Although the routine treatment of GERD is not recommended for patients with CRS, acid suppression therapy with proton pump inhibitors (PPIs) is widely applied in patients with CRS because of the common co-occurrence of GERD and CRS. Several studies suggested that PPIs have an anti-inflammatory effect. PPIs were shown to inhibit the interleukin (IL)-4 and IL-13 signaling through the signal transducer and activator of the transcription (STAT) 6 signaling pathway in a murine asthma model. Omeprazole blocked the expression Th2 cytokine-induced eotaxin-3 in vitro esophageal epithelial cell culture experiment[14,15]. IL-13-induced eotaxin-3 in HNECs and BEAS-2B cells was significantly inhibited by PPIs, and the in vivo levels of eotaxin-3 in patients with CRS with nasal polyps (CRSwNP) taking PPIs was lower than without PPIs. Furthermore, the H+, K+-exchange enhanced by IL-13 was blocked by PPIs[16].

As CRS is a multifactorial inflammatory disease comorbid with GERD, it is reasonable to investigate the association between PPI therapy and CRS, which was rarely studied. This study aimed to determine whether PPI prescription history and duration of treatment affected the CRS risk in the Korean adult population using a national sample cohort.

Materials and methods

Data source and ethical consideration

We used the Korean National Health Insurance Service-Health Screening Cohort data for this study. A comprehensive description of this cohort is provided officially[17]. Briefly, Korean National Health Insurance Service-Health Screening Cohort data includes medical care histories indexed by the codes of diagnosis and treatment and provides socioeconomic data, life/death records from 2002 to 2015. The cohort data were collected until an event of death occurred. The Institutional Review Board (IRB) Ethics Committee of Hallym University approved the study (IRB No: 2019-10-023). All the analyses were conducted with strict adherence to the guidelines and regulations of the Ethics Committee. The IRB Ethics Committee exempted the requirement for written informed consent.

Participant selection

Among total 514,866 with 615,488,428 medical claim codes, we selected as the CRS group 8560 patients fulfilling our CRS definition. The remaining 506,306 participants acted as the control group. Participants diagnosed with CRS in 2002 were excluded as we selected only participants diagnosed with CRS for the first time (washout periods, n = 1366). We excluded from the control group participants who died before 2003 or no record since 2003 (n = 34) or were treated with ICD-10 codes J32 or J33 without head and neck CT evaluations (n = 124,993). The CRS and control participants were matched at a ratio 1:4 for age, sex, income, and region of residence. To minimize the selection bias, we used the random number order to select the control participants. The index date of each CRS group participant was set as the time of treatment for CRS. The index date of the control participants was set as the index date of their matched CRS participants. Therefore, each CRS participant and the matched control participants had the same index date. During the matching process, 352,503 of the control participants were excluded. Finally, 7194 participants with CRS were 1:4 matched with 28,776 control participants (Fig. 1).

Figure 1

Schematic illustration of the participant selection process that was used in the present study. Of a total of 514,866 participants, 7194 chronic rhinosinusitis (CRS) participants were matched with 28,776 control participants with respect to age, group, sex, income, residence region of, and past medical histories.

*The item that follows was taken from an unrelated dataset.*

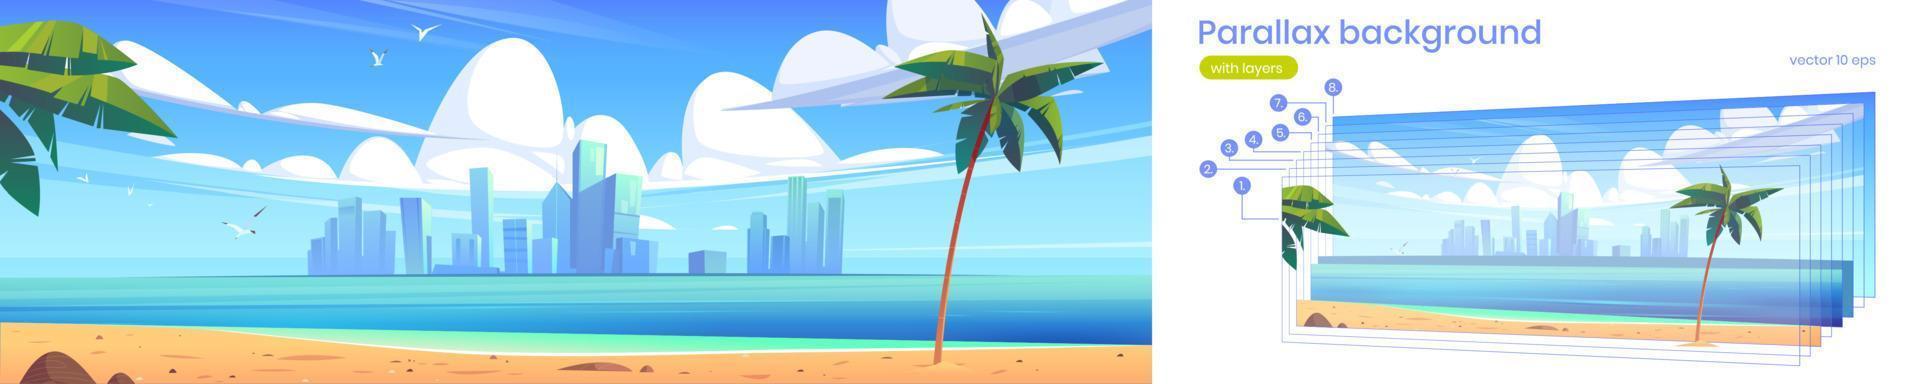 Parallax background with sea and city on horizon vector

Proton pump inhibitor (exposure)

In Korea, PPI is a prescription-only medicine. We defined PPI users as participants prescribed PPI within a year before the index date. PPI users were classified into three categories based on: (1) PPI prescription history, (2) PPI prescription duration, and (3) prescription duration for each PPI generation.

In the first category, the participants were grouped as current PPI users (PPI prescribed PPI within 30 days before the index date), past PPI users (PPI prescribed 31–365 days before the index date) or PPI non-users[18].

In the second category, the participants were grouped into four groups according to the PPI prescription duration as follows: (1) PPI non-users, (2) PPI prescribed for < 30 days, (3) PPI prescribed for 30–89 days, and (4) PPI prescribed for ≥ 90 days.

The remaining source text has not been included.